FIG. 3 indicates three modes of operation for signal processing circuitry of a power-managed hearing aid device according to one embodiment of the invention. For example, these three modes of operation can be supported by the signal processing circuitry 206 of the power-managed hearing aid device 200. As shown in FIG. 3, a mode control signal (e.g., the mode control signal 214) can cause the signal processing circuitry (e.g., the signal processing circuitry 206) to operate in a normal mode, a sleep mode, and an off mode. While in the normal mode, the signal processing circuitry operates in its typical operational mode such that its circuitry is fully enabled and thus consumes substantial amounts of power. In the sleep mode, the signal processing circuitry is only partially activated such that its power consumption is substantially reduced as compared with the normal mode. Still further, when the signal processing circuitry is placed in the off mode (i.e., power down mode), the signal processing circuitry effectively consumes no power.

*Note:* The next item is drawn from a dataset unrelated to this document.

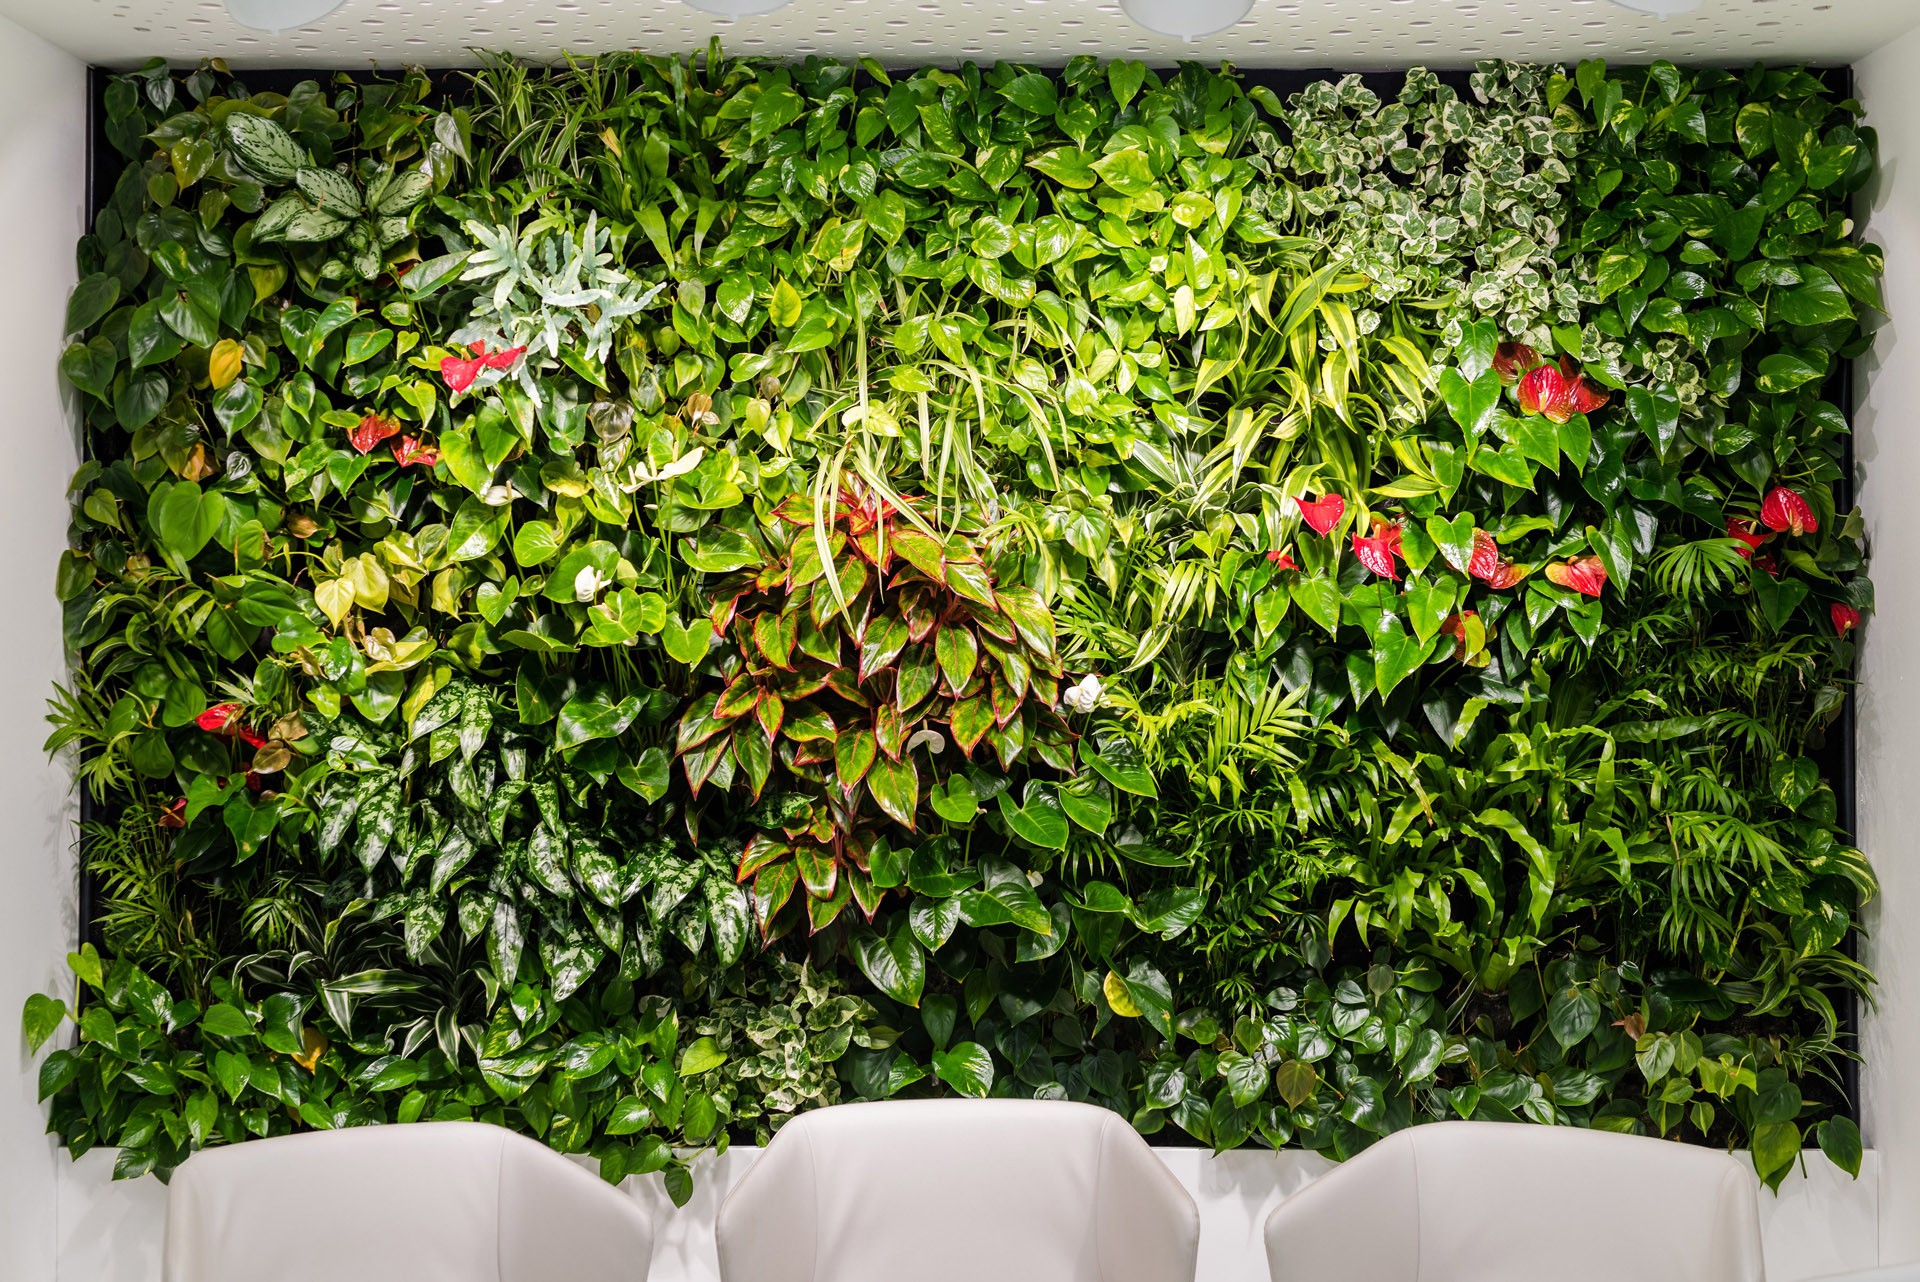 Živá stěna s rostlinami v interiéru.

Further, as shown in FIG. 3, the transitions between different modes can be specified or controlled. As shown in FIG. 3, the signal processing circuitry can transition from the normal mode to the sleep mode when the environmental sound indicates the "no-sound" condition. Then, from the sleep condition, the signal processing circuitry can further transition to the off mode when the hearing aid device remains in the sleep mode for a predetermined duration of time. Also, the signal processing circuitry can transition from the sleep mode back to the normal mode when the environmental sound no longer indicates the presence of the "no-sound" condition. The signal processing circuitry can likewise transition from the off mode to the normal mode upon detection of environmental sound. These various transitions can all be performed automatically under the control of a mode control circuit (e.g., the mode control circuit 212). The hearing aid device can also include a manual means for transitioning between the various modes.

The mode control circuit preferably controls the switching between the various modes such that the user of the hearing aid device is not significantly impacted by such mode switching for power reduction. More particularly, the switching between normal mode and sleep mode can be performed in a graceful manner so that the user of the hearing aid device neither hears a noticeable glitch upon entering the sleep mode (going to sleep) nor misses a portion of useful sound when returning to the normal mode from the sleep mode (waking up).

FIG. 4 is a block diagram of a mode control circuit 400 according to one embodiment of the invention. The mode control circuit 400 is, for example, suitable for use as the mode control circuit 212 illustrated in FIG. 2. The mode control circuit 400 includes a maximum estimate unit 402 that produces a maximum estimate for the incoming signal 204. The mode control circuit 400 also includes a minimum estimate unit 406 that obtains a minimum estimate signal 408 for the incoming signal 204. Still further, the mode control circuit 400 includes a mode controller 410. The mode controller 410 receives the maximum estimate signal 404 from the maximum estimate unit 402 and receives the minimum estimate signal 408 from the minimum estimate unit 406. The mode controller 410 produces the mode control signal 214 using the maximum estimate signal 404 and the minimum estimate signal 408. In other words, the mode control signal 214 that is produced by the mode controller 410 causes the operational mode of the hearing aid device to be controlled in accordance with one or both of the maximum estimate signal 404 and the minimum estimate signal 408.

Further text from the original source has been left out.